Top of MATERIAL PROVIDED

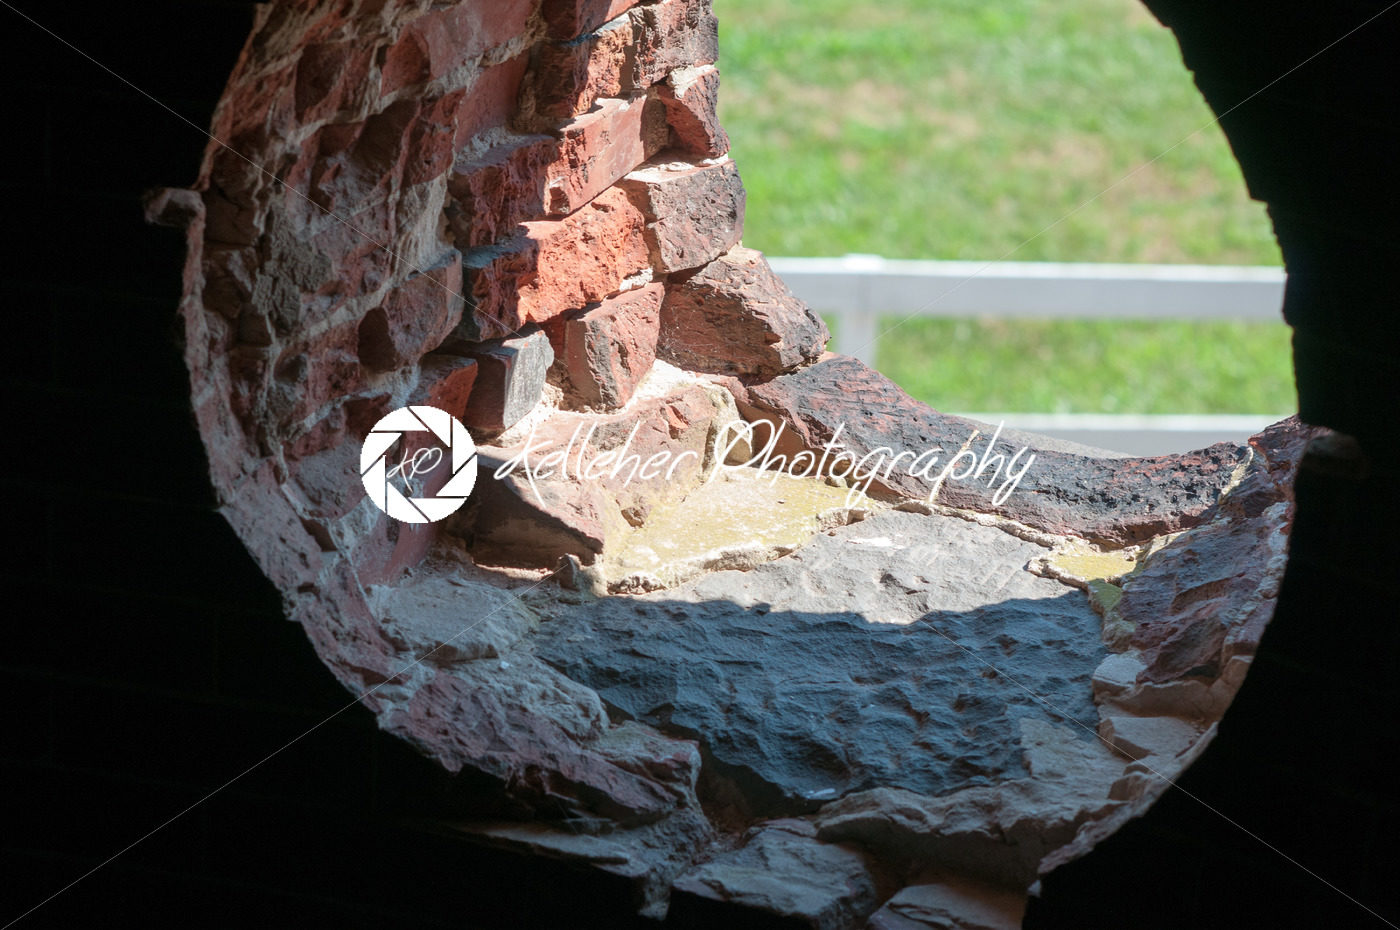 FORT DELAWARE, DELAWARE CITY, DE – AUGUST 1: Fort Delaware State Park, Historic Union Civil War Fortress that housed Confederate Prisoners on August 1, 2015 - Kelleher Photography Store
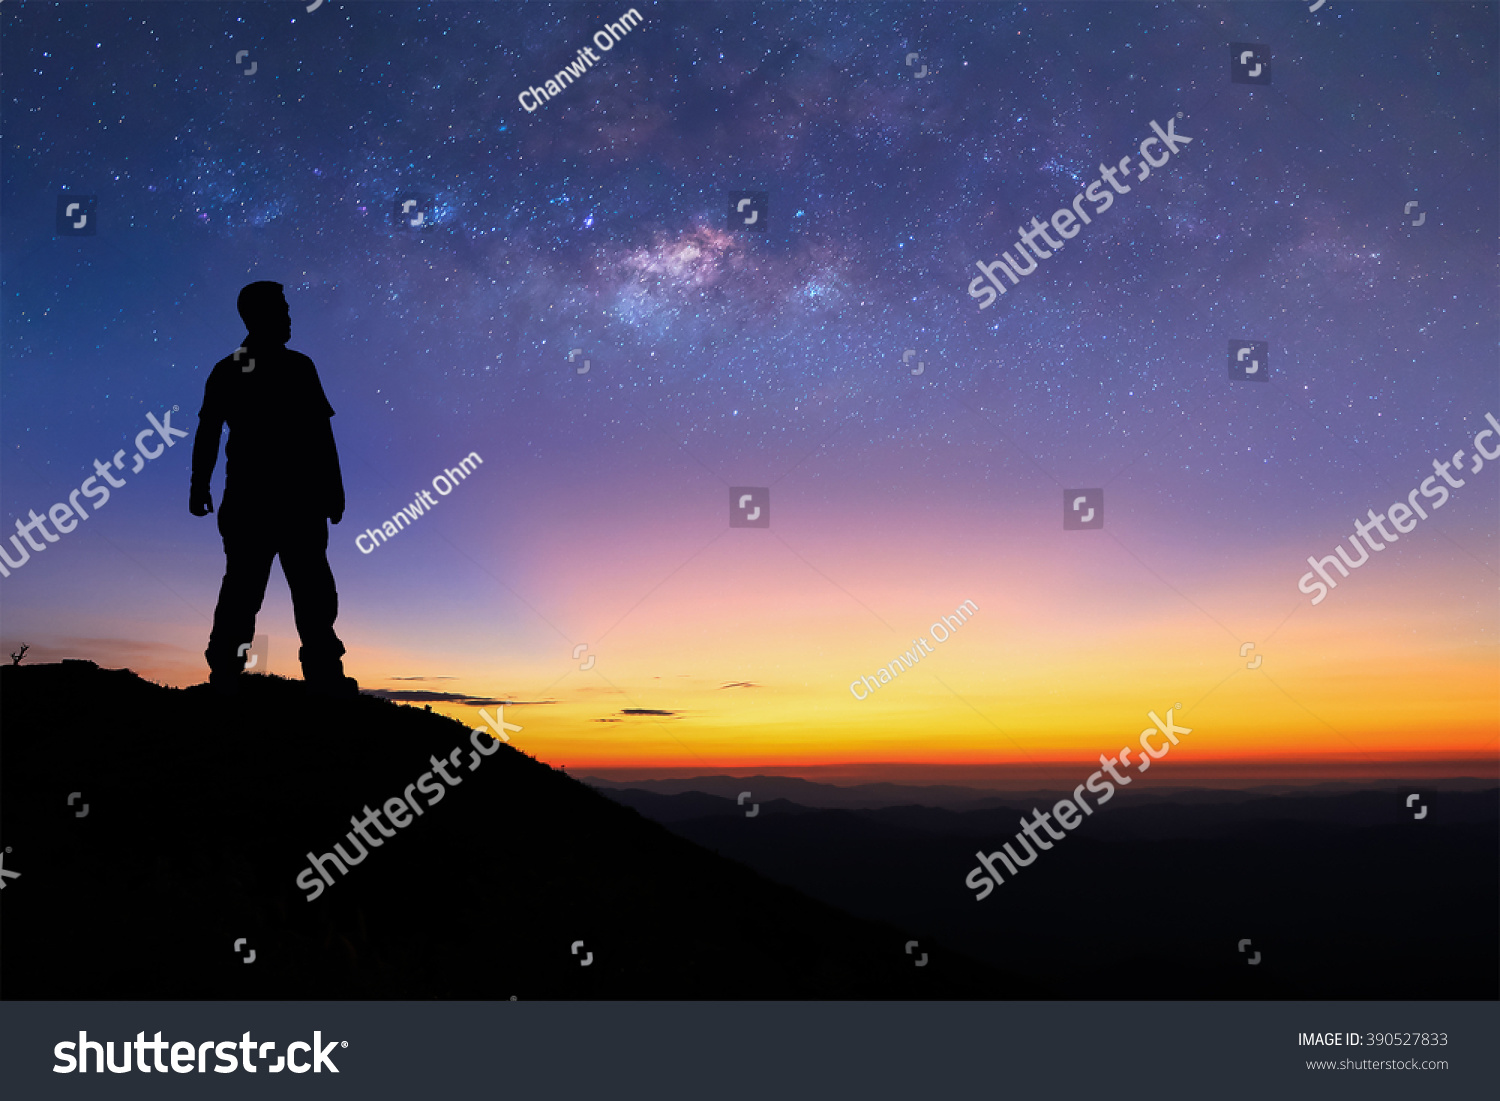 Silhouette of man is standing on top of mountain and enjoy to see the milky way before sunrise. Young tourist stand on the hill with colorful night sky on background. #390527833
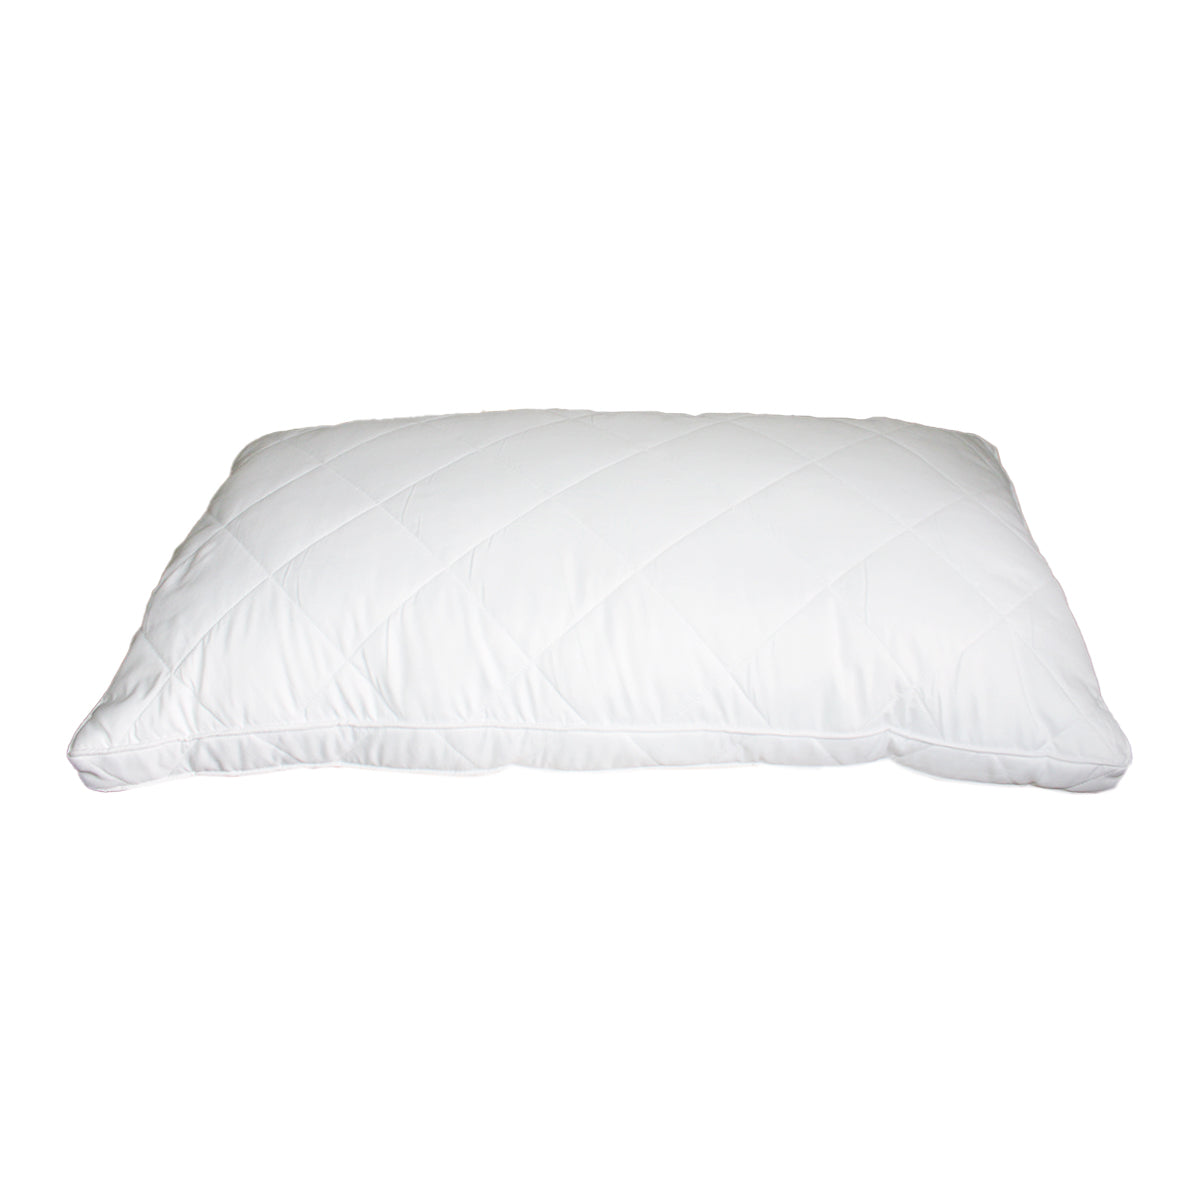 KING SIZE PADDED PILLOW WITH BELLOWS AND CORD 9667 
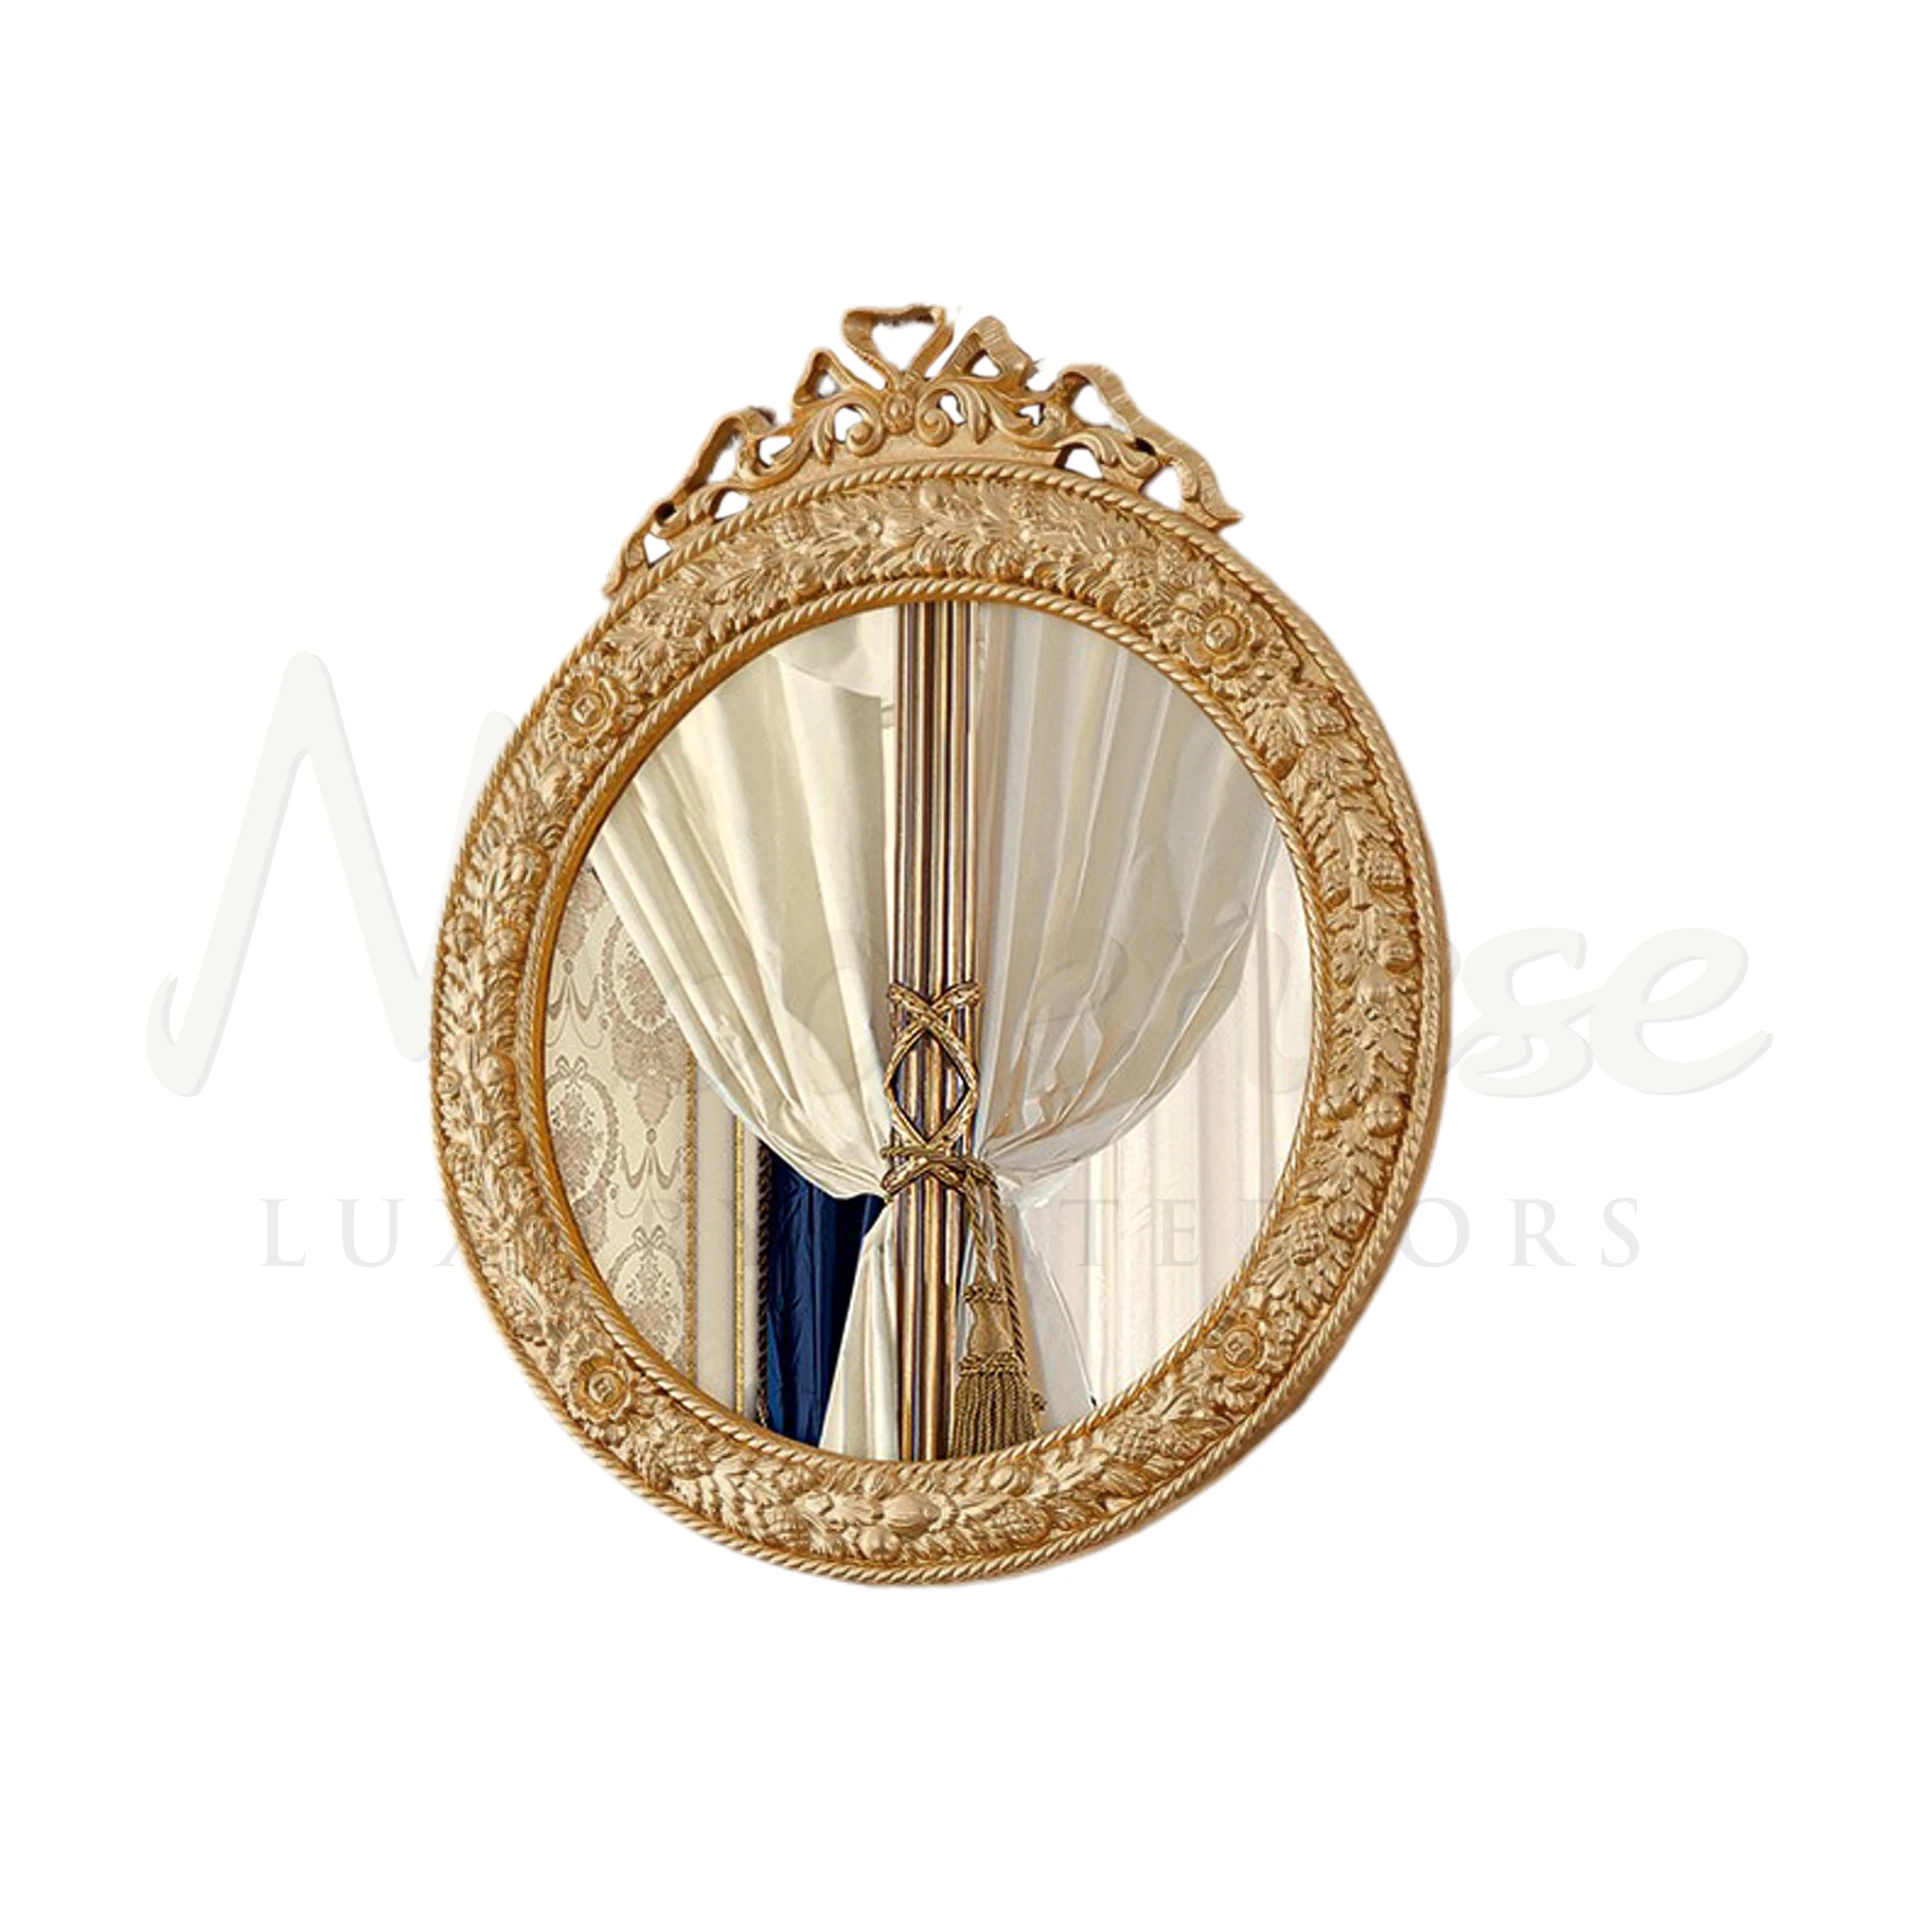 Bella Italian Mirror, epitomizing luxury with its carved frame, adds a touch of noble elegance to interior design and home decor.

Bottom of MATERIAL PROVIDED

[TASK ITEM] Every line from the one that holds "Silhouette of man" to the end of the listing should be output exactly, with pictures left out, please.

[RESULT OF THE TASK]
 Silhouette of man is standing on top of mountain and enjoy to see the milky way before sunrise. Young tourist stand on the hill with colorful night sky on background. #390527833
 KING SIZE PADDED PILLOW WITH BELLOWS AND CORD 9667 
 Bella Italian Mirror, epitomizing luxury with its carved frame, adds a touch of noble elegance to interior design and home decor.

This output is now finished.